So what am I going to be talking about? I'm going to be looking at the strengths Baratheon has, and seeing how those can be utilized to offset or even solve the problems with Card Advantage. From a strictly theory-based standpoint there are three strengths in Baratheon that can be utilized to shore up this quite obvious weakness:
  • Speed: By aiming for a quick victory you're minimizing the effect your opponents Card Advantage would have on the game, and in a best case scenario making some of their draw engines dead weight (and thus providing you with virtual Card Advantage in the short term).
  • Hand Destruction: Through the Holy Asshai theme Baratheon has access to some of the best Hand Destruction in the whole game, rip their hand apart to even out the scales.
  • Resilience: I like to think of this as an aggregate of two different aspects, Recursion and Prevention, that both tie together into a coherent theme within the House. The aim here is providing Card Advantage by lessening your opponents impact on the game state.
In my previous article I discussed one of the best-known Baratheon aspects: Speed. With Staton already having touched upon Hand Destruction slightly with his Asshai article, I guess it's time for me to start tackling down Resilience.

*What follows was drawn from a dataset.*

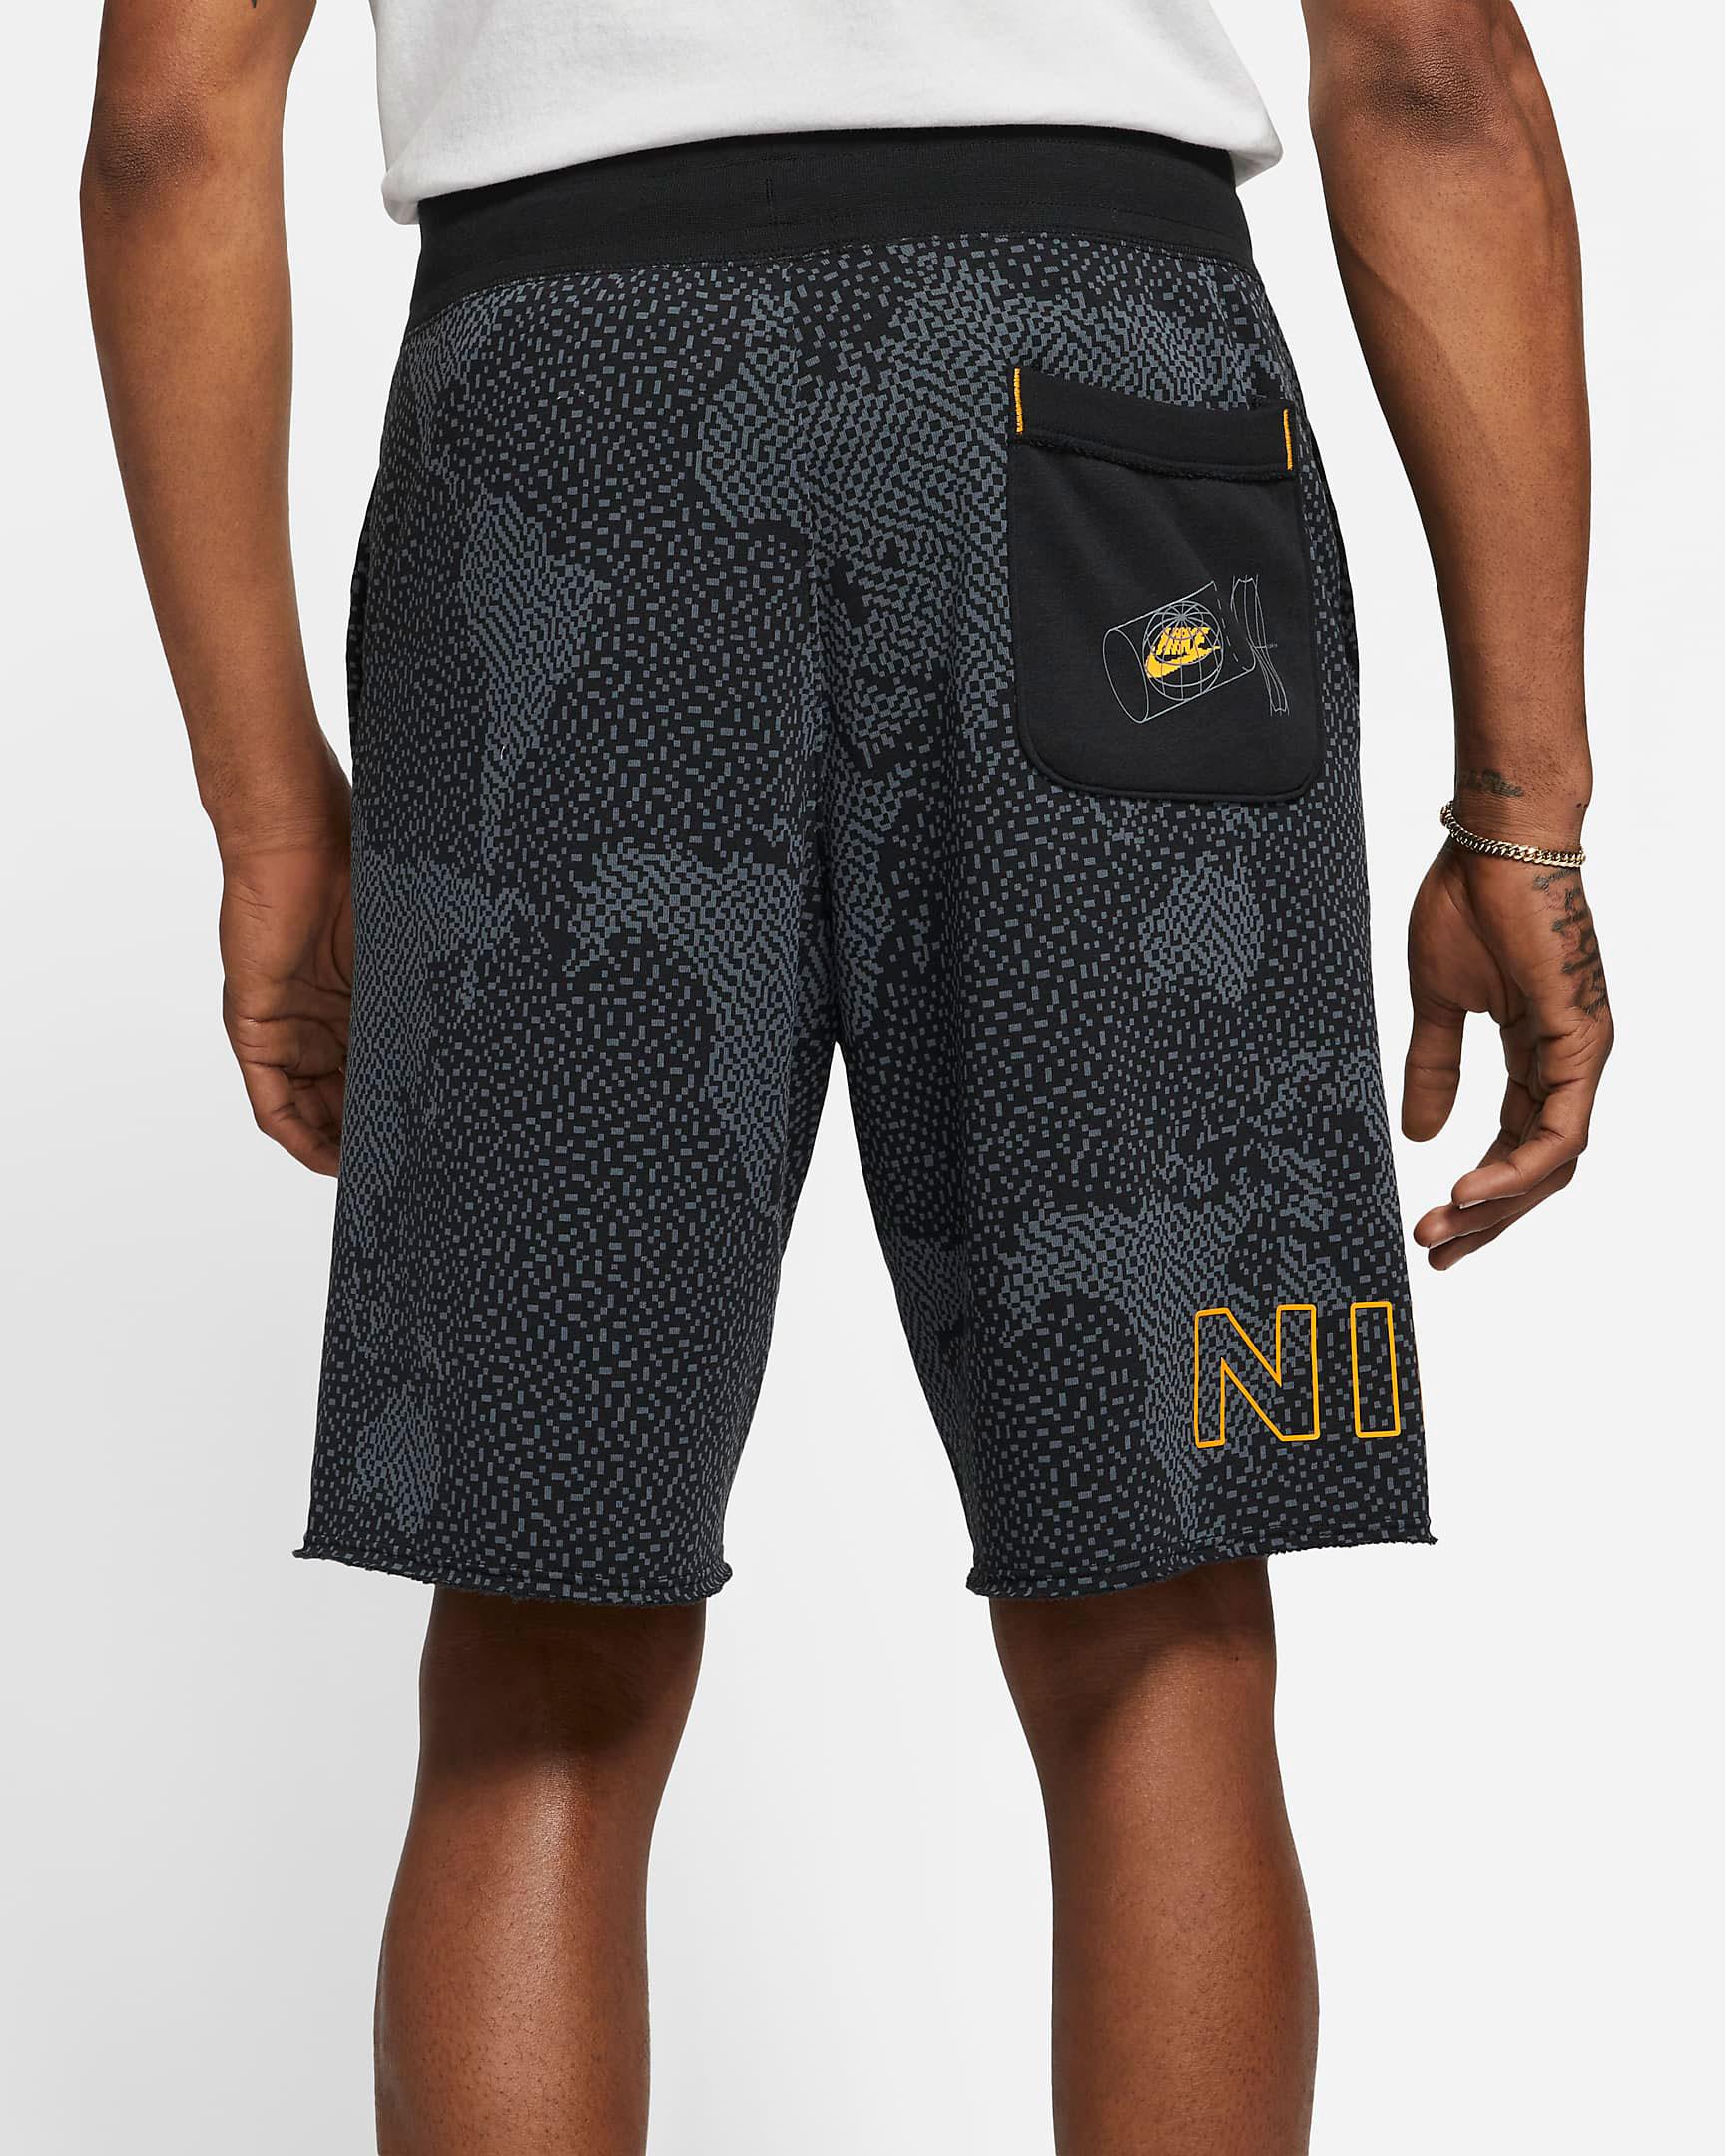 jordan-9-university-gold-nike-shorts-2

Now it's easiest to start looking at Resilience by looking at more straightforward examples of it from two other Houses that thrive upon it: Targaryen and Greyjoy. In our fishy friend of the Greyjoys Resilience is a really straightforward and direct theme: I prevent you from killing my dudes (saves/cancel) and create virtual card advantage by stopping you from playing your stuff via choking you of resources or using cards like Baelor Blacktyde (TIoR). Now, that's Resilience in the form of Prevention. In Targaryen it's also pretty straightforward: Have fun removing my cards, I'll get them back, be it from the dead (To Be a Dragon (SB)) or discard (Street Waif (AToT)) pile. And that would be Recursion.

So, what do we have in Baratheon? Like some kind of Bastard child of a Kraken and a Dragon, we have both - but in some pretty peculiar forms. To contrast the recent Fire and Blood list of Targaryen Recursion, let's have a look at Baratheon Recursion today and save Prevention for a later article.

NOTE: Since there's very little established vocabulary in AGoT on the subject, I chose to go with the term Prevention here, to differentiate between Denial (which usually only tends to be associated wtih the cancel/passive effect portion of it, but not the saves). Feel free to disagree with me on this in the comments. ;)

Baratheon Recursion

Taking our lead from Fire and Blood, let's go through the whole Baratheon cardpool on recursion and see what we find. Be aware, this journey may be quite arduous.

Recursion Engines

The most important part of recursion are engines, which refer to cards that allow you to repeatedly recur cards from either your discard or dead pile. These are really what create the Card Advantage in recursion.

For Characters:

Mustering Yard (BoRF) - Extremely costly (3 gold for the location, and 2 influence per use) and requires a very specific structure from your deck. With the very limited number of available Bannermen this one mainly works in Army heavy decks, and probably the only deck that this should even be considered in is an Army-based Knights of the Hollow Hill (MotM) build. And even there you probably have much better uses for your gold.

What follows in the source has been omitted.